In essence the question is the following: How to use
etrace
with a dynamic library?

Do I need to #include any files?


To trace a stand-alone program, there is no need to #include any
additional file. Just link your code against ptrace.c and use the
-finstrument-functions option as a compile option for gcc. This should do it.


How do I link a C++ code which is built via makefiles against
ptrace.c


Final Note: I would appreciate if someone bears with my ignorance and provides a step-by-step solution to my question.




Update 1:

I managed to add the libraries related to etrace to the simulation tool, and it executes fine.

However, (probably because the scripts are too old, or are not meant for use with C++) I get the following error when using the perl script provided by default by
etrace



Hexadecimal number > 0xffffffff non-portable"



Probably this changes a bit the nature of this question, turning it more to a perl related issue at this point.

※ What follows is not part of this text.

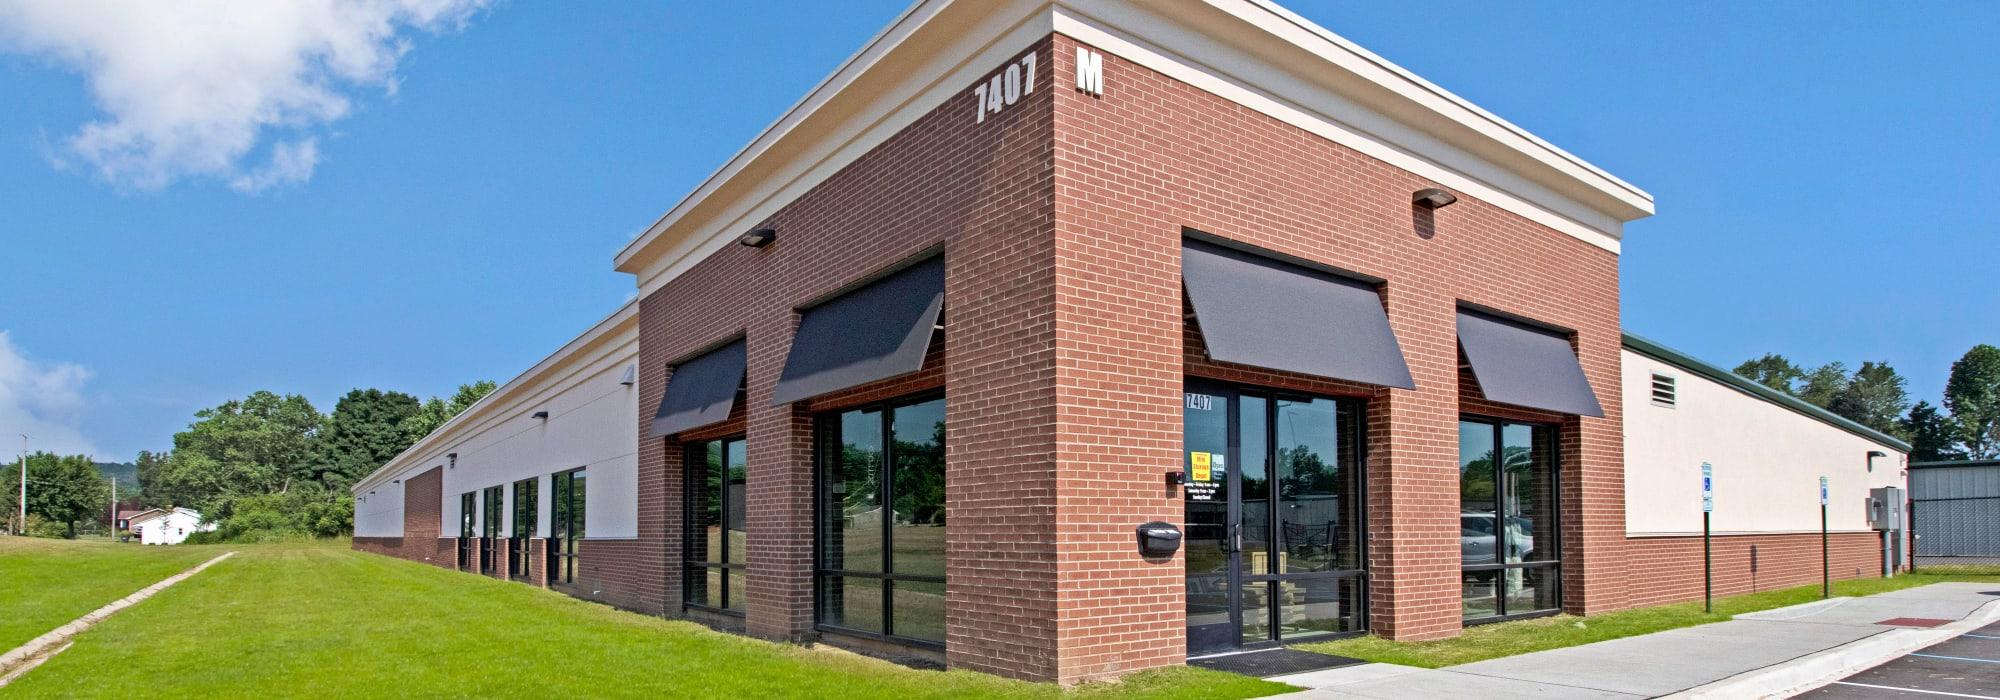 Welcome to Mini Storage Depot in Louisville, Kentucky

If this problem is solved, I hope
etrace
will work with a complicated project and I will provide the details




Update 2:

I took the suggestions from @Harry, and I believe that would work in most projects. However in my case I get the following from the perl script:

Use of uninitialized value within %SYMBOLTABLE in list assignment at etrace2.pl line 99, <CALL_DATA> line 1.

\-- ???
| \-- ???
\-- ???
| \-- ???
| | \-- ???
\-- ???
| \-- ???
\-- ???
| \-- ???
\-- ???
| \-- ???
\-- ???
| \-- ???
\-- ???
| \-- ???


Due to autegenerated makefiles I used the LD_PRELOAD to load the shared library for etrace.so which I got as follows:

gcc -g -finstrument-functions -shared -fPIC ptrace.c -o etrace.so -I <path-to-etrace>


I created the dummy etrace.h inside the tool:

#ifndef __ETRACE_H_
#define __ETRACE_H_

#include <stdio.h>

void Crumble_buy(char * what, int quantity, char * unit);


void Crumble_buy(char * what, int quantity, char * unit)
{
printf("buy %d %s of %s\n", quantity, unit, what);
}

#endif


and used
Crumble_buy
for the
#define
and the
etrace.h
for the
#include
.

Answer

Fixing the Perl Script

Hexadecimal number > 0xffffffff non-portable"

This is a warning from hex because it's detecting a possibly non-portable value (something > 32bits).

At the very top of the script, add this:

use bigint qw/hex oct/;

When this tool was written, I suspect the people were on 32-bit machines. You can compile the program using 32-bit with the flag -m32, but if you change the perl script as mentioned above you won't need to.

Note, if you're on a Mac, you can't use mknod the way it's used in the script to create a pipe; you need to use mkfifo with no arguments instead.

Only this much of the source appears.